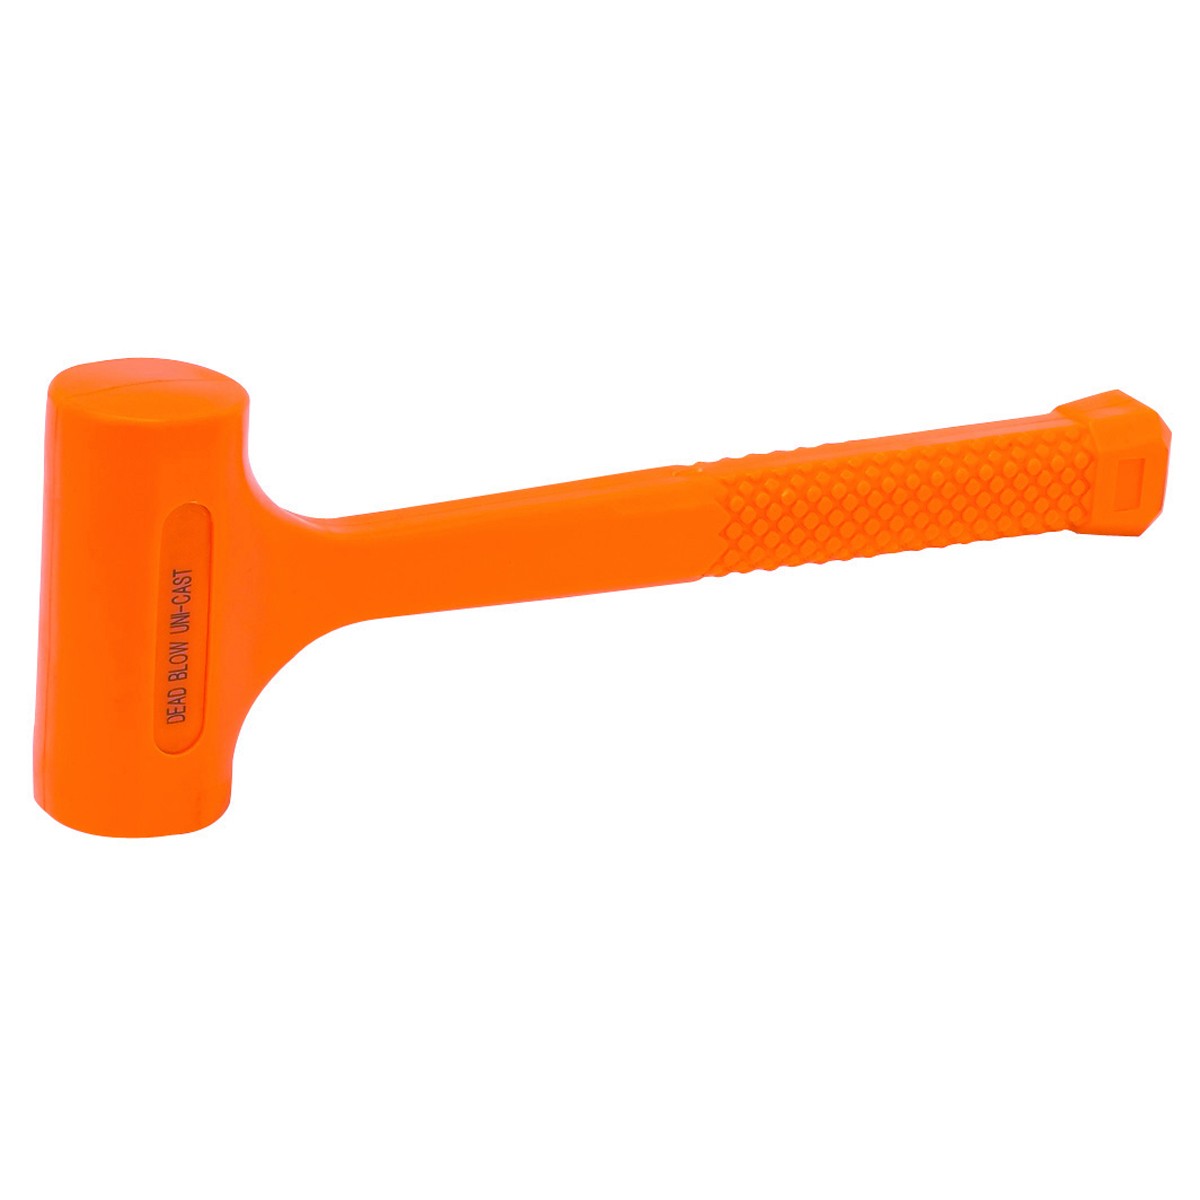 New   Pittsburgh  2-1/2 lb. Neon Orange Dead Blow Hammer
::::::::
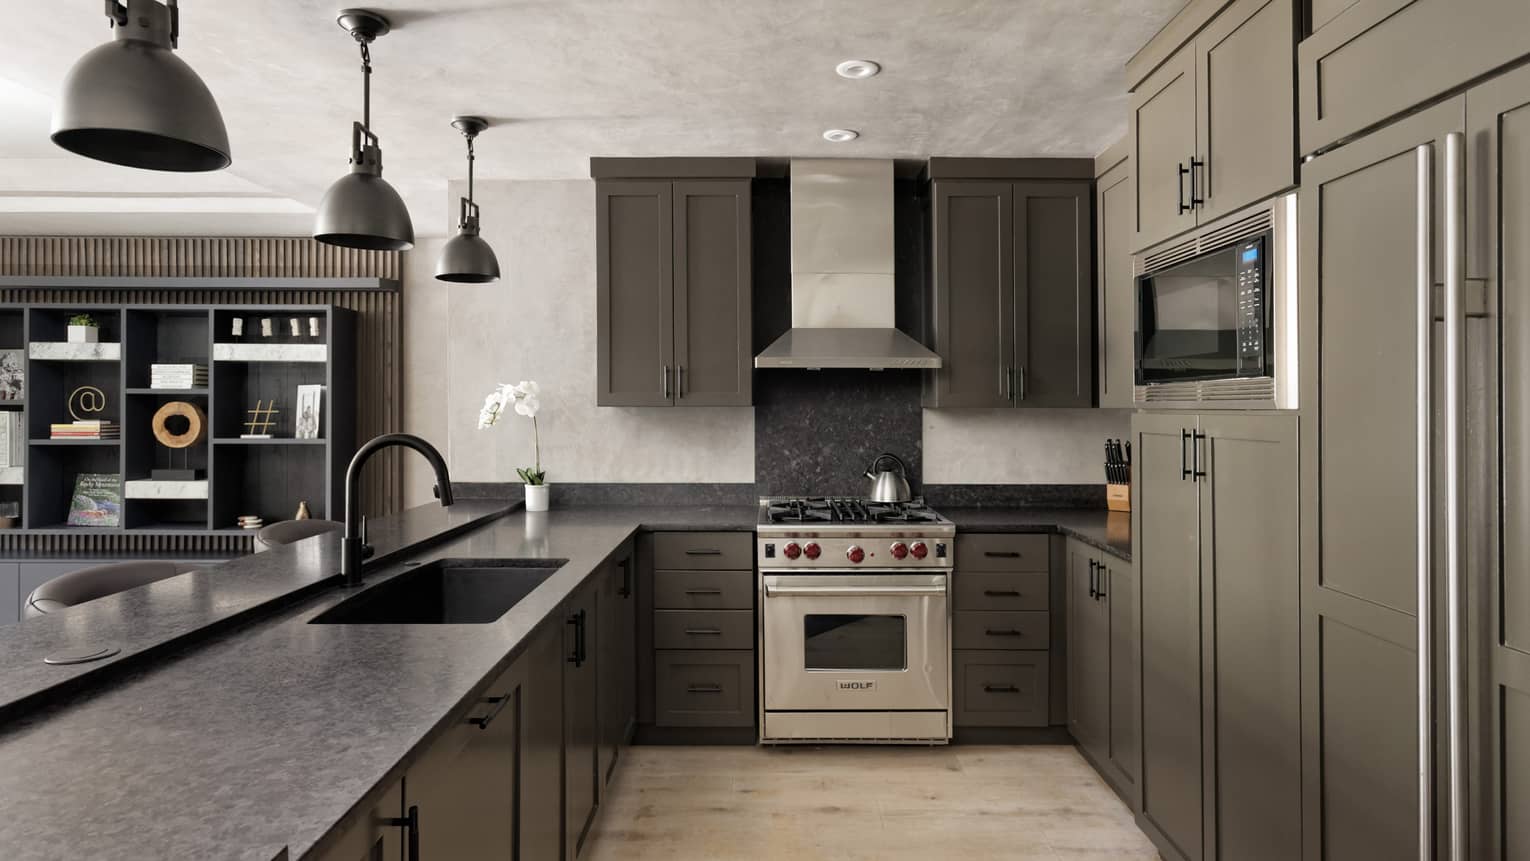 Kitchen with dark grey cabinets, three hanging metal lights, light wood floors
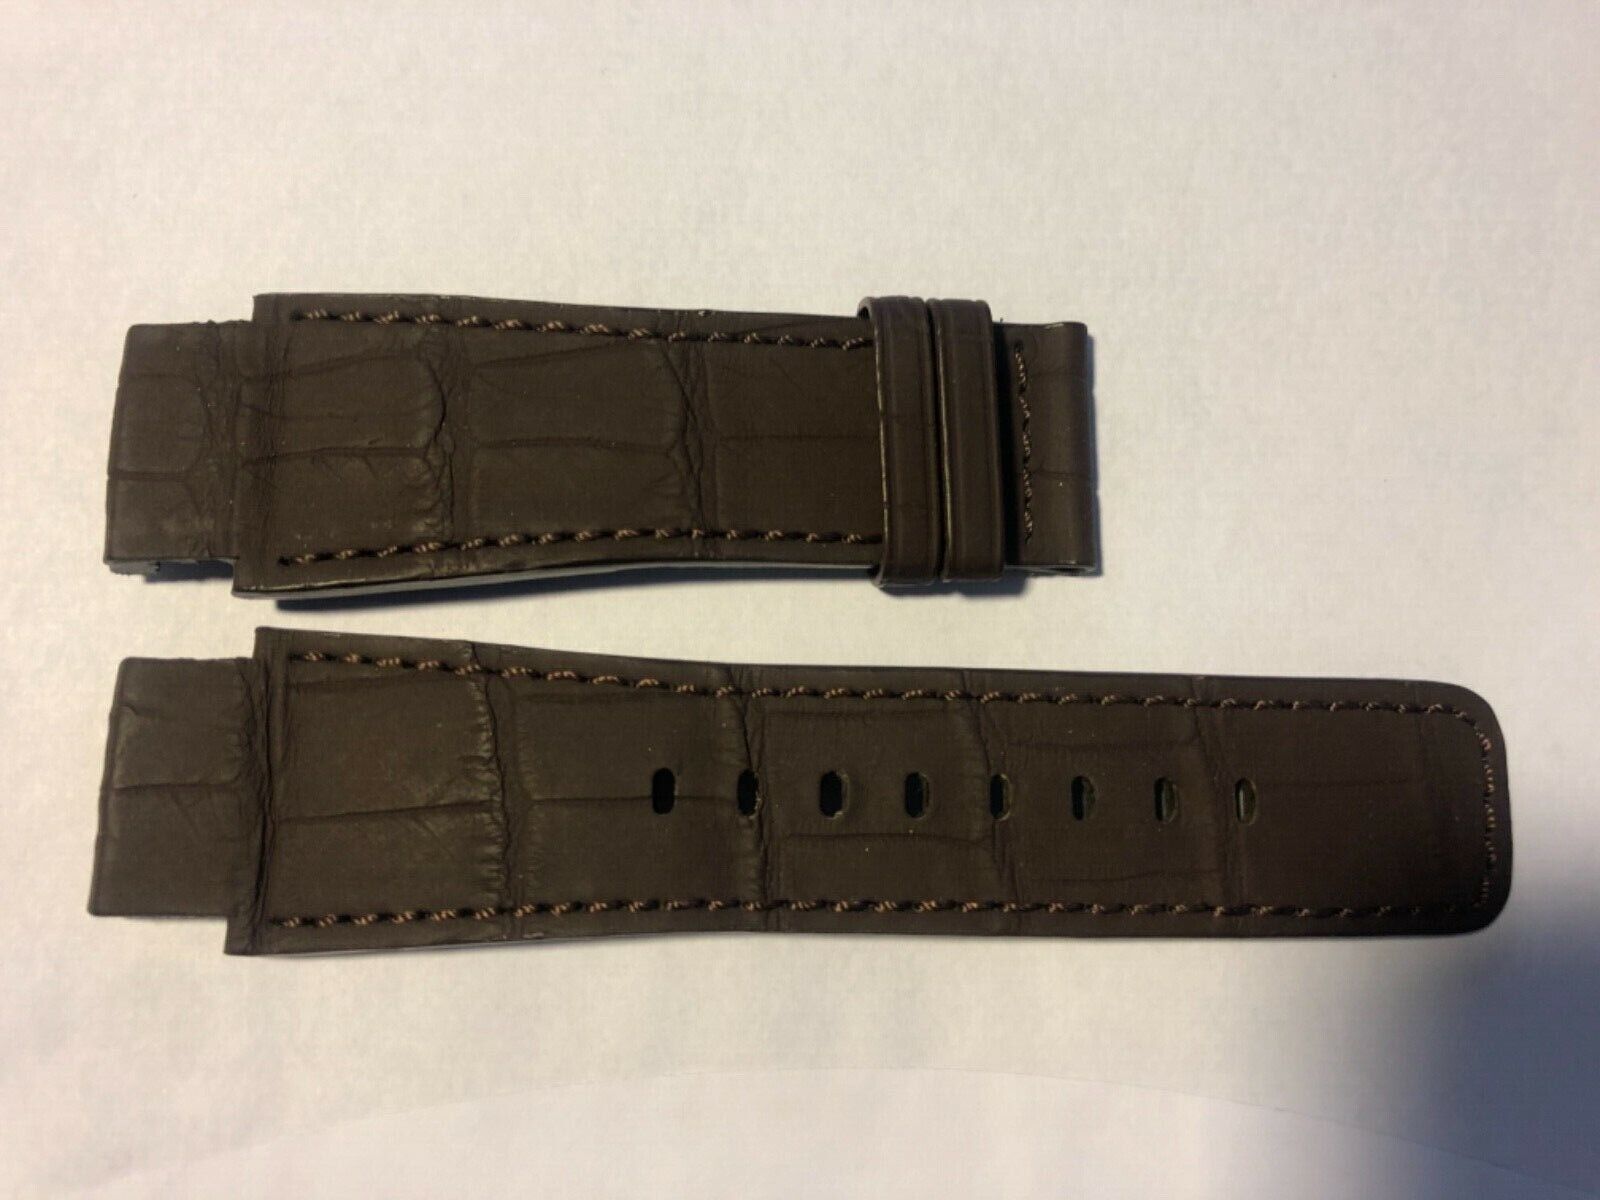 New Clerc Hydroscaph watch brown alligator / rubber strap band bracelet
::::::::
### Directions
Beginning with the line above that contains "Kitchen with dark" and ending with the line that contains "New Clerc Hydroscaph", quote each line exactly, keeping out the pictures.

### Written response
 Kitchen with dark grey cabinets, three hanging metal lights, light wood floors
 New Clerc Hydroscaph watch brown alligator / rubber strap band bracelet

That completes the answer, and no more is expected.